Ramas de acebo con hojas espinosas y frutos rojos

Qué planta es exactamente el acebo

Hablamos de Ilex aquifolium, de la familia de las aquifoliáceas, un arbusto o árbol pequeño que en condiciones buenas alcanza de 4 a 10 metros, y excepcionalmente 15 o más. En España es planta autóctona: hay acebedas notables en la Cordillera Cantábrica, el Sistema Ibérico, la Sierra de Ayllón (el famoso acebal de Garagüeta, en Soria, y el de Ayllón, en Guadalajara-Segovia), los Pirineos y algunos enclaves de montaña andaluza. Vive en el sotobosque de hayedos, robledales y pinares, sobre suelos frescos y con humedad ambiental alta.

La hoja es coriácea, brillante, de un verde oscuro casi barnizado, con margen ondulado y espinas duras. Y aquí conviene desmontar una idea muy extendida: no todas las hojas de un acebo pinchan. En un ejemplar adulto se ve perfectamente que las ramas bajas, al alcance de los herbívoros, llevan hojas fuertemente espinosas, mientras que las de la parte alta son casi enteras, con una sola punta terminal. La planta modula su defensa según dónde la muerden. Si compras un acebo pequeño y sus hojas pinchan mucho, no es un defecto: es su edad y su altura.

La corteza es lisa y gris, casi de haya. La madera, blanquísima y muy dura, se usó tradicionalmente para tornear, para mangos y para incrustaciones.

Los frutos rojos y el error de comprar un solo pie

El acebo es dioico: hay pies macho y pies hembra en plantas separadas. Solo las hembras dan las bolitas rojas, y solo las dan si hay un macho compatible floreciendo cerca, dentro de un radio razonable para las abejas, digamos unos 30-50 metros. Este es el fallo más frecuente de quien planta acebo con la ilusión de tener frutos: compra un ejemplar, lo cuida bien durante seis años y no ve una sola baya.

Si quieres frutos, hay tres caminos:

  • Plantar un macho por cada tres o cinco hembras, floreciendo a la vez (la floración es de mayo a junio, con flores blancas pequeñas y perfumadas).
  • Elegir un cultivar de fecundación fácil.
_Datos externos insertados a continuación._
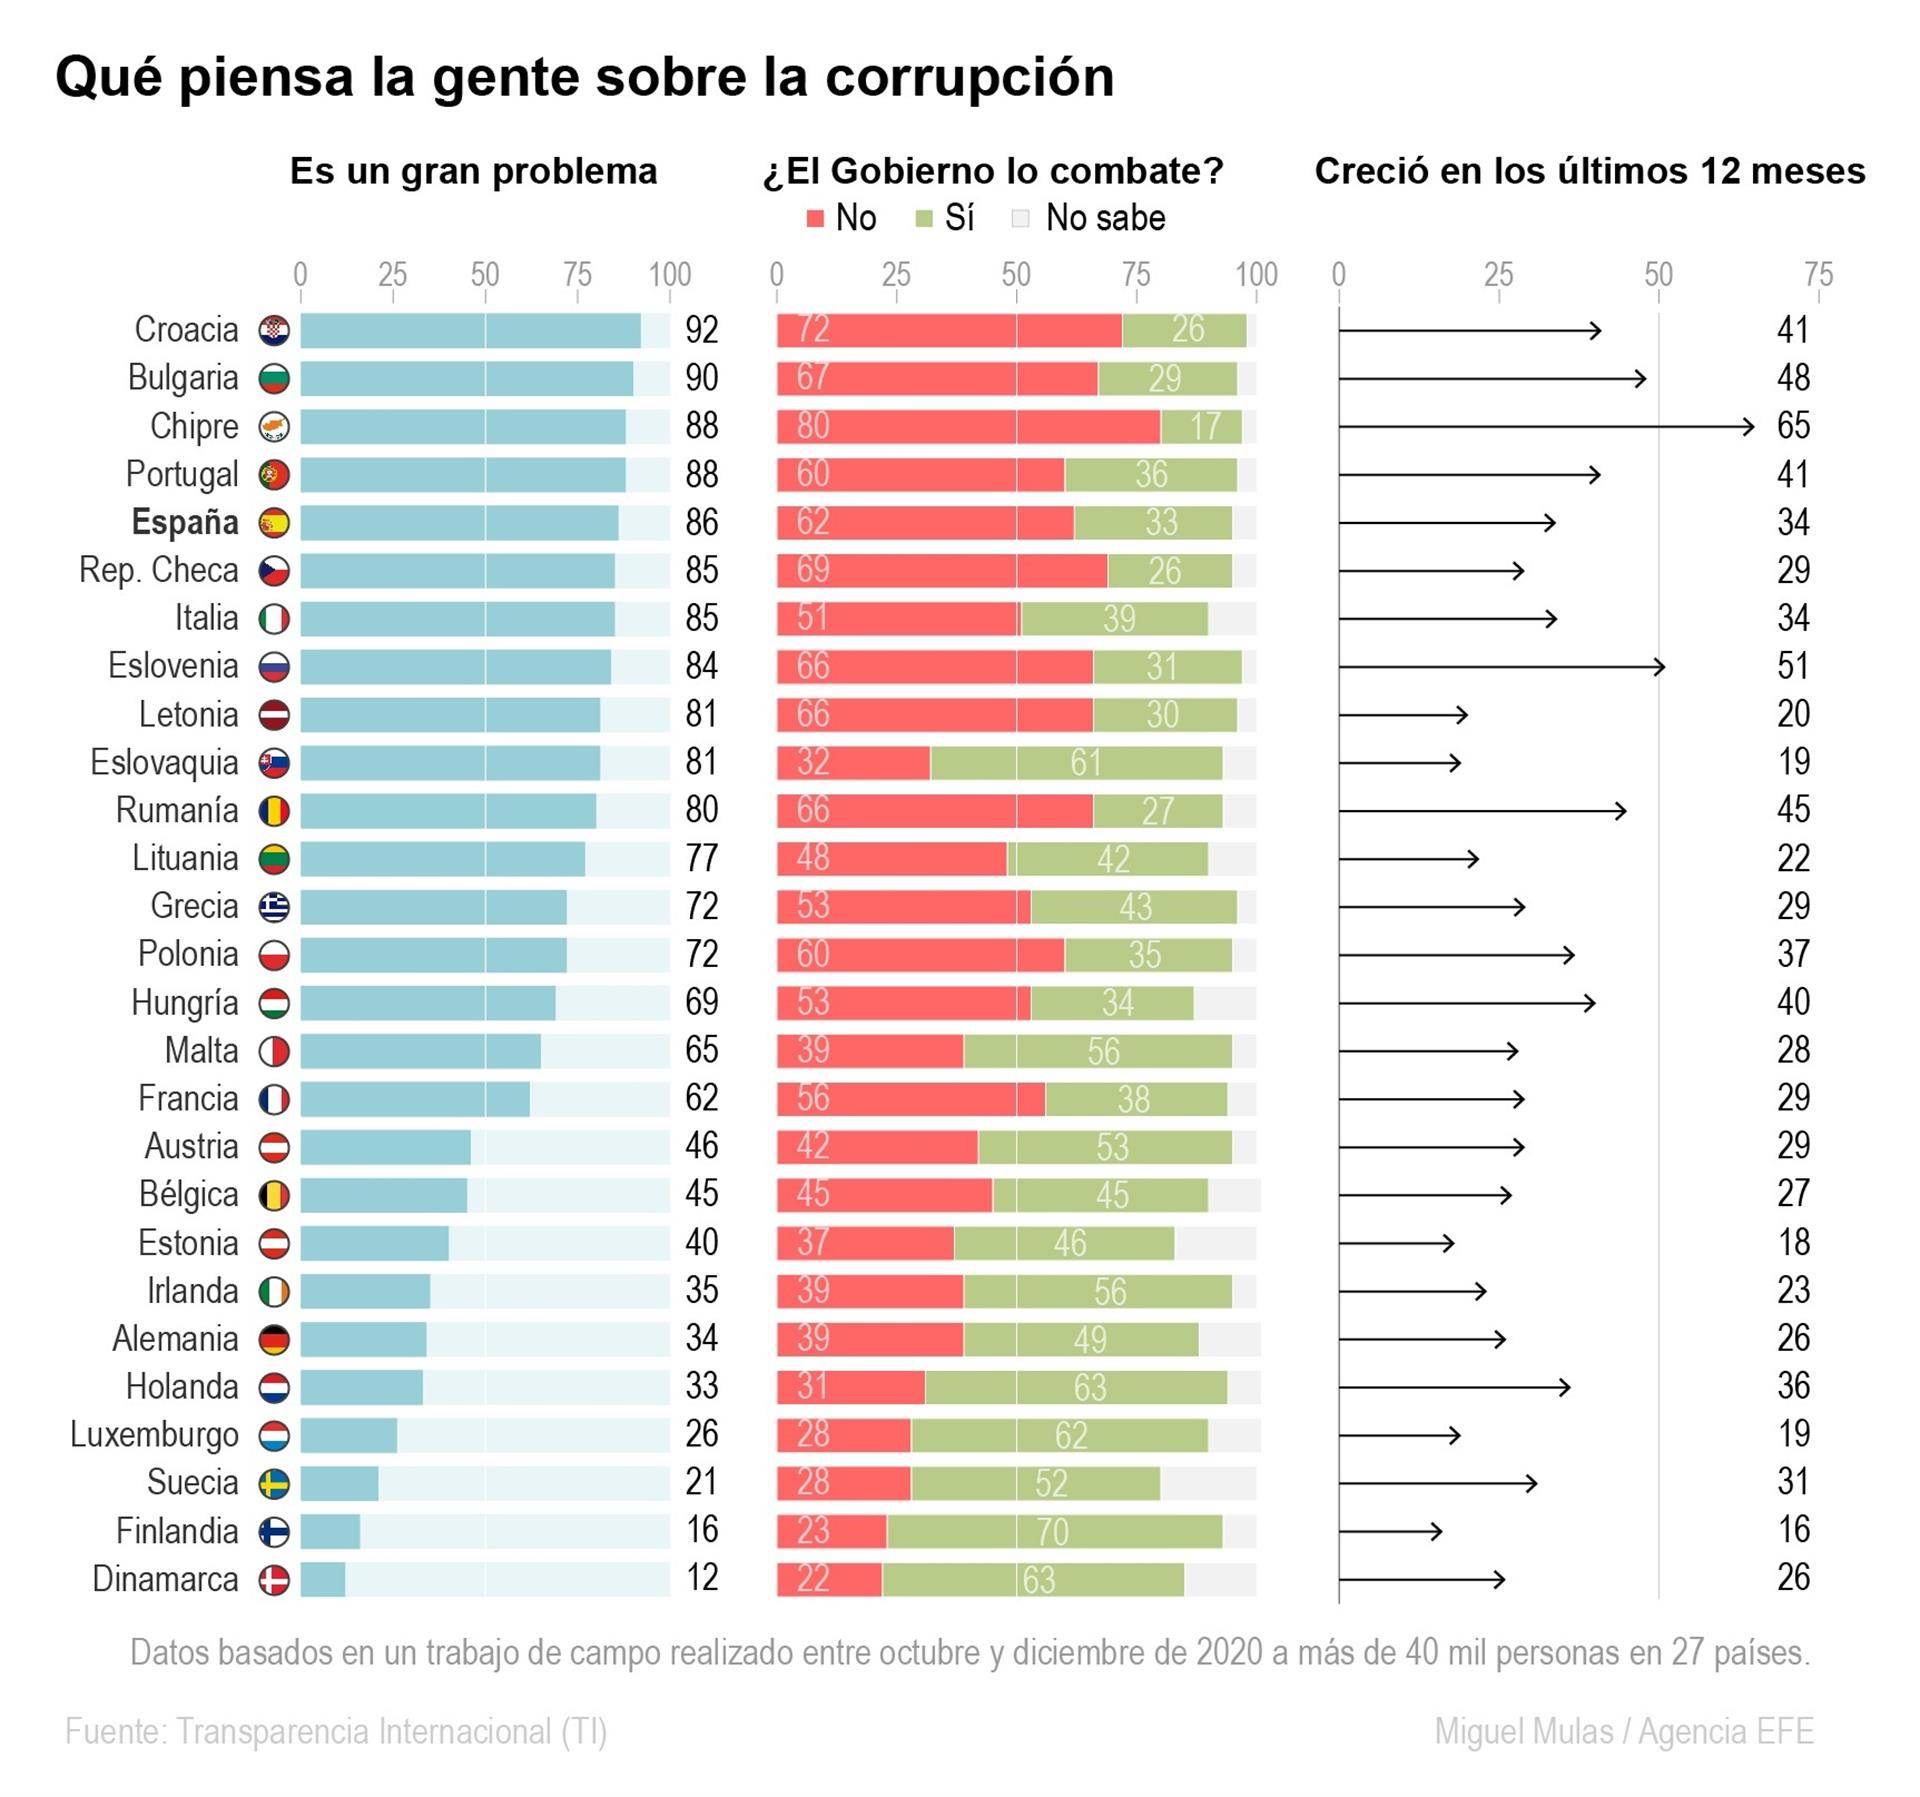 El 62 % de la UE ve la corrupción como un gran problema en su país

Ilex aquifolium 'J.C. van Tol' fructifica sin polinizador cercano y además tiene la hoja casi sin espinas, lo que lo hace cómodo junto a un paso.
  • Comprar un ejemplar ya fructificado en diciembre y aceptar que quizá el año siguiente no repita.

Otro detalle que confunde: los nombres de los cultivares mienten sobre el sexo. 'Golden King' es hembra y da frutos; 'Golden Queen' es macho y no dará ninguno. 'Ferox', el acebo erizo de hojas cubiertas de espinas por el haz, también es macho. Pregunta el sexo en el vivero, no lo deduzcas del nombre.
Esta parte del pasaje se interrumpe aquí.